▶ TASK PROMPT
What the answer must hold is the line containing "EP REVIEW: Urbana by Fellahin Fall" and all lines after it through the end of the listing, copied exactly, with pictures left out.
[[ DATASET CONTENT open ]]
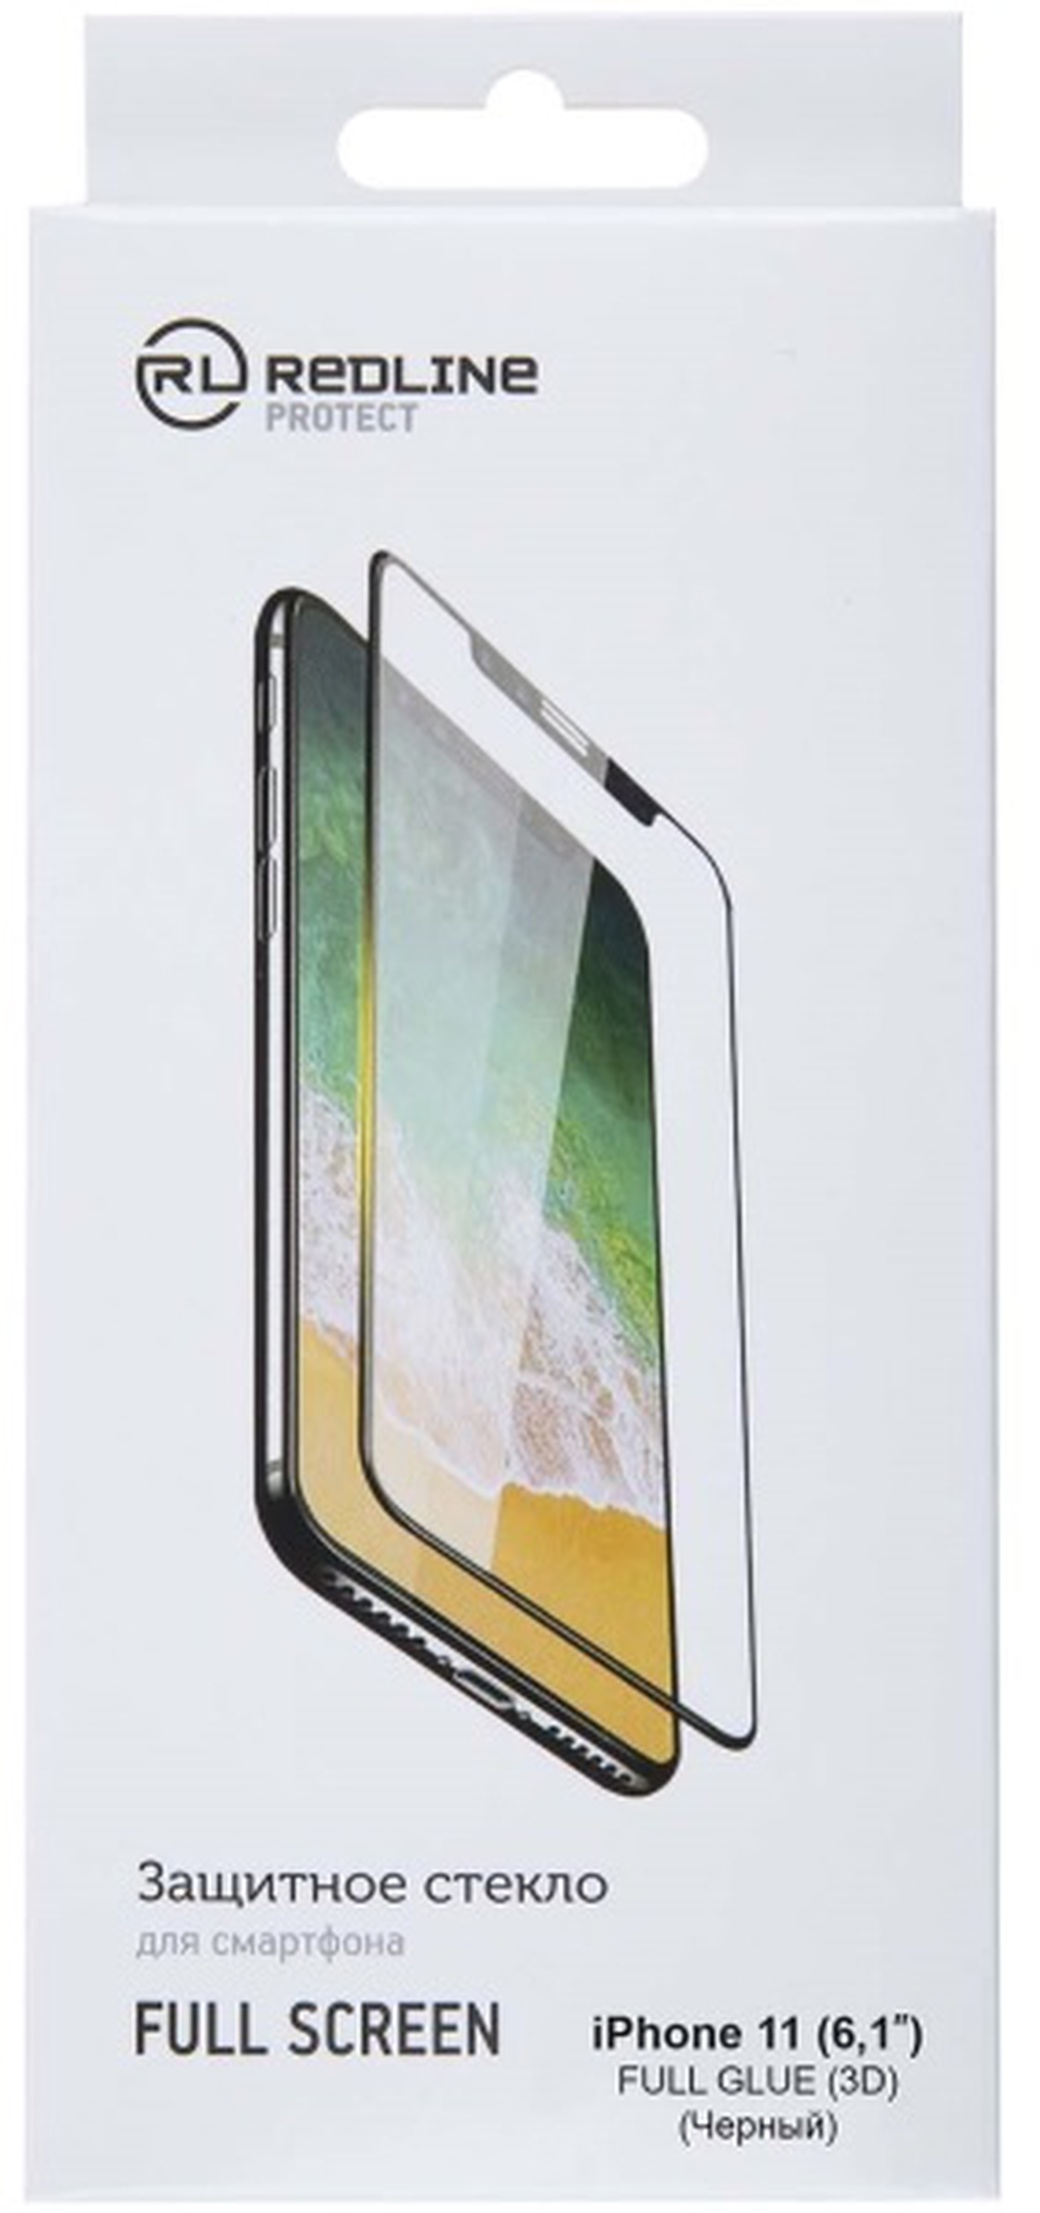 Защитное стекло для Apple iPhone 11 Full Screen Full Glue (3D) черный, Redline фото
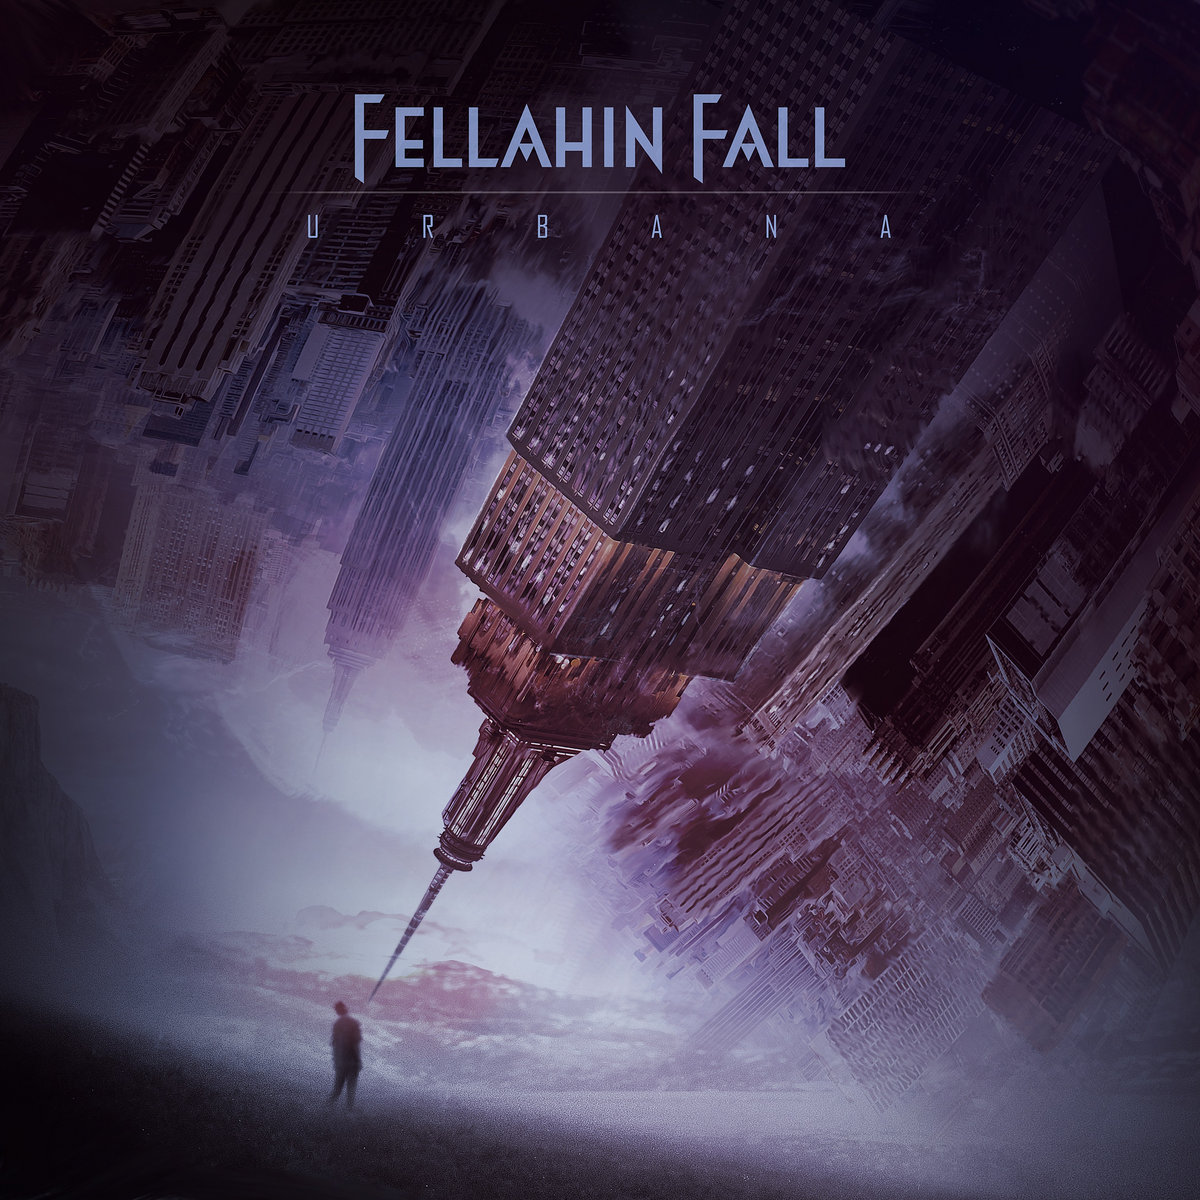 EP REVIEW: Urbana by Fellahin Fall
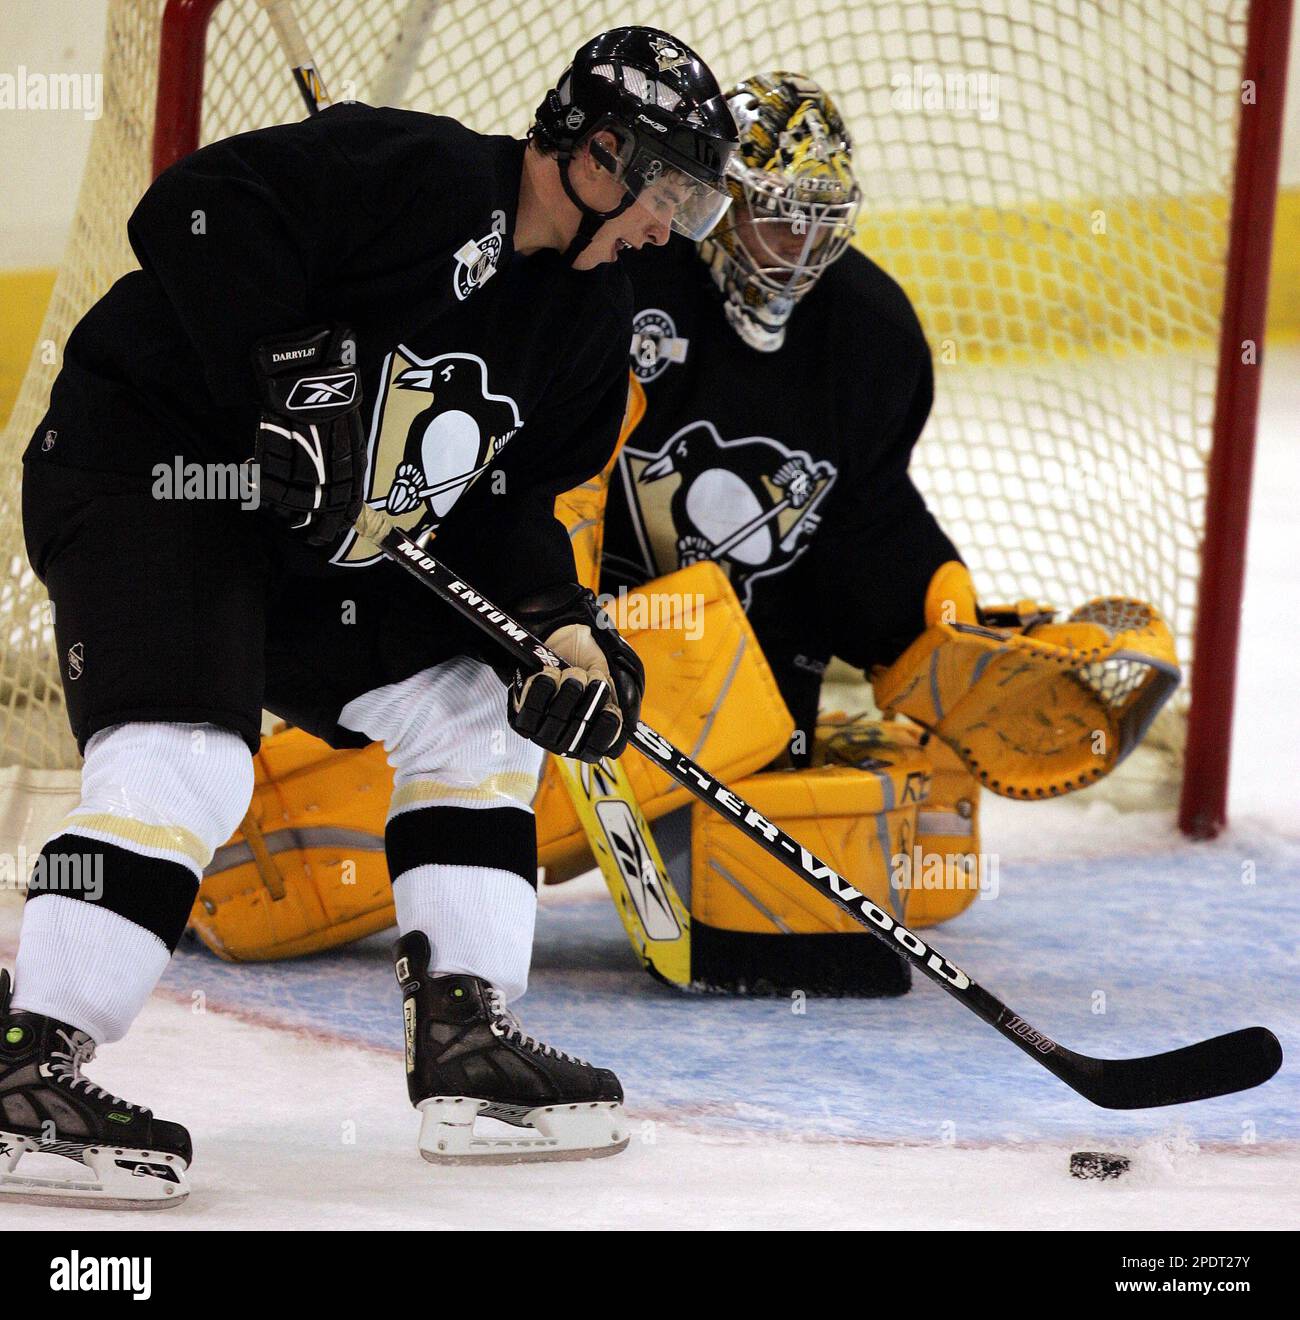 Sidney Crosby Wallpaper: Sidney Crosby & Marc-Andre Fleury
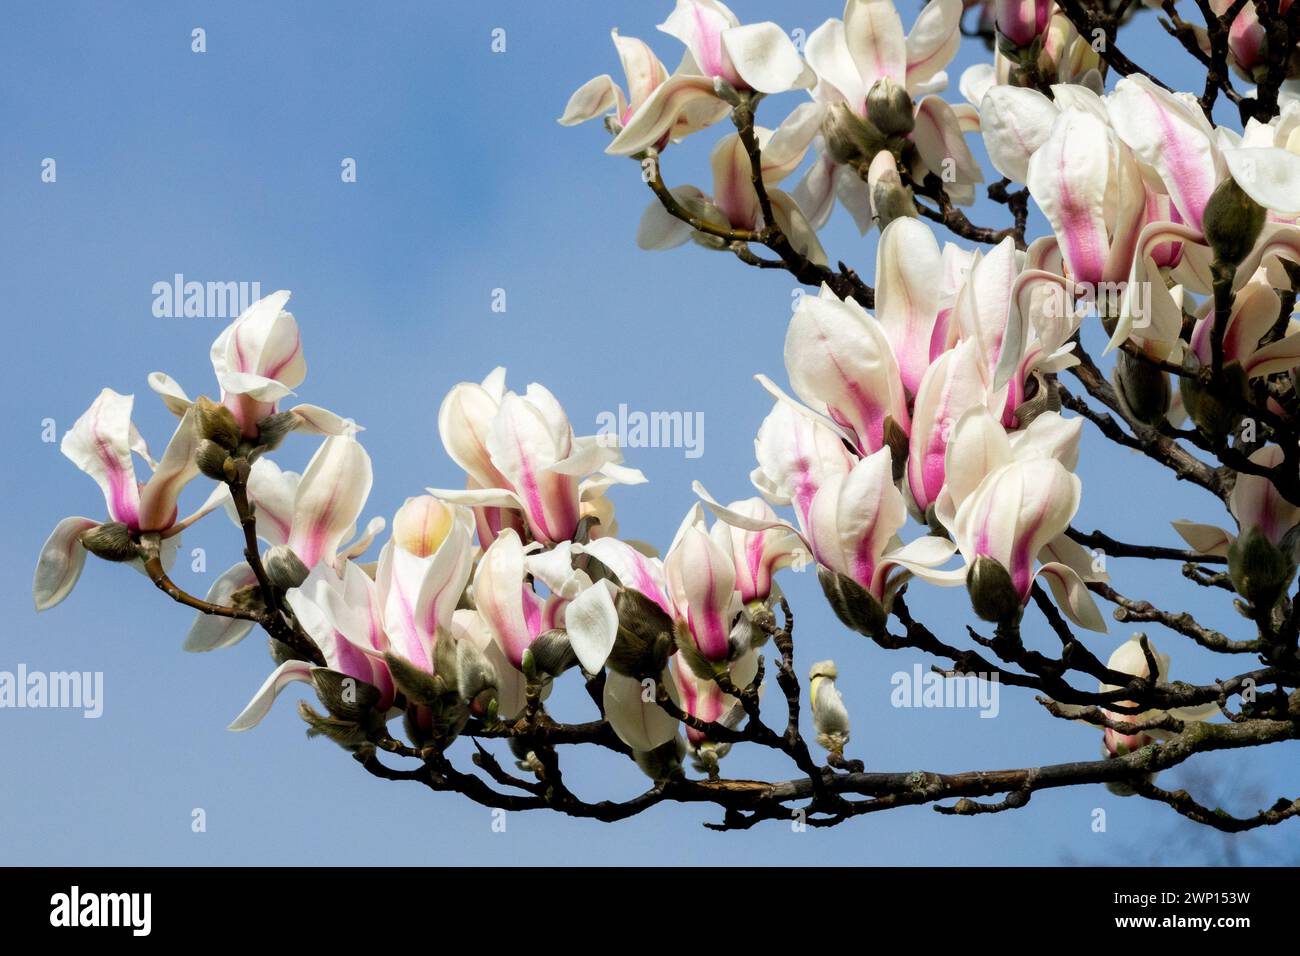 Zen Magnolienbaumblüten Zweige Magnolia zenii blühende Winterblüten Magnolienbaumzweige Stockfoto
[[ DATASET CONTENT closed ]]
▶ TASK SOLUTION
 EP REVIEW: Urbana by Fellahin Fall
 Sidney Crosby Wallpaper: Sidney Crosby & Marc-Andre Fleury
 Zen Magnolienbaumblüten Zweige Magnolia zenii blühende Winterblüten Magnolienbaumzweige Stockfoto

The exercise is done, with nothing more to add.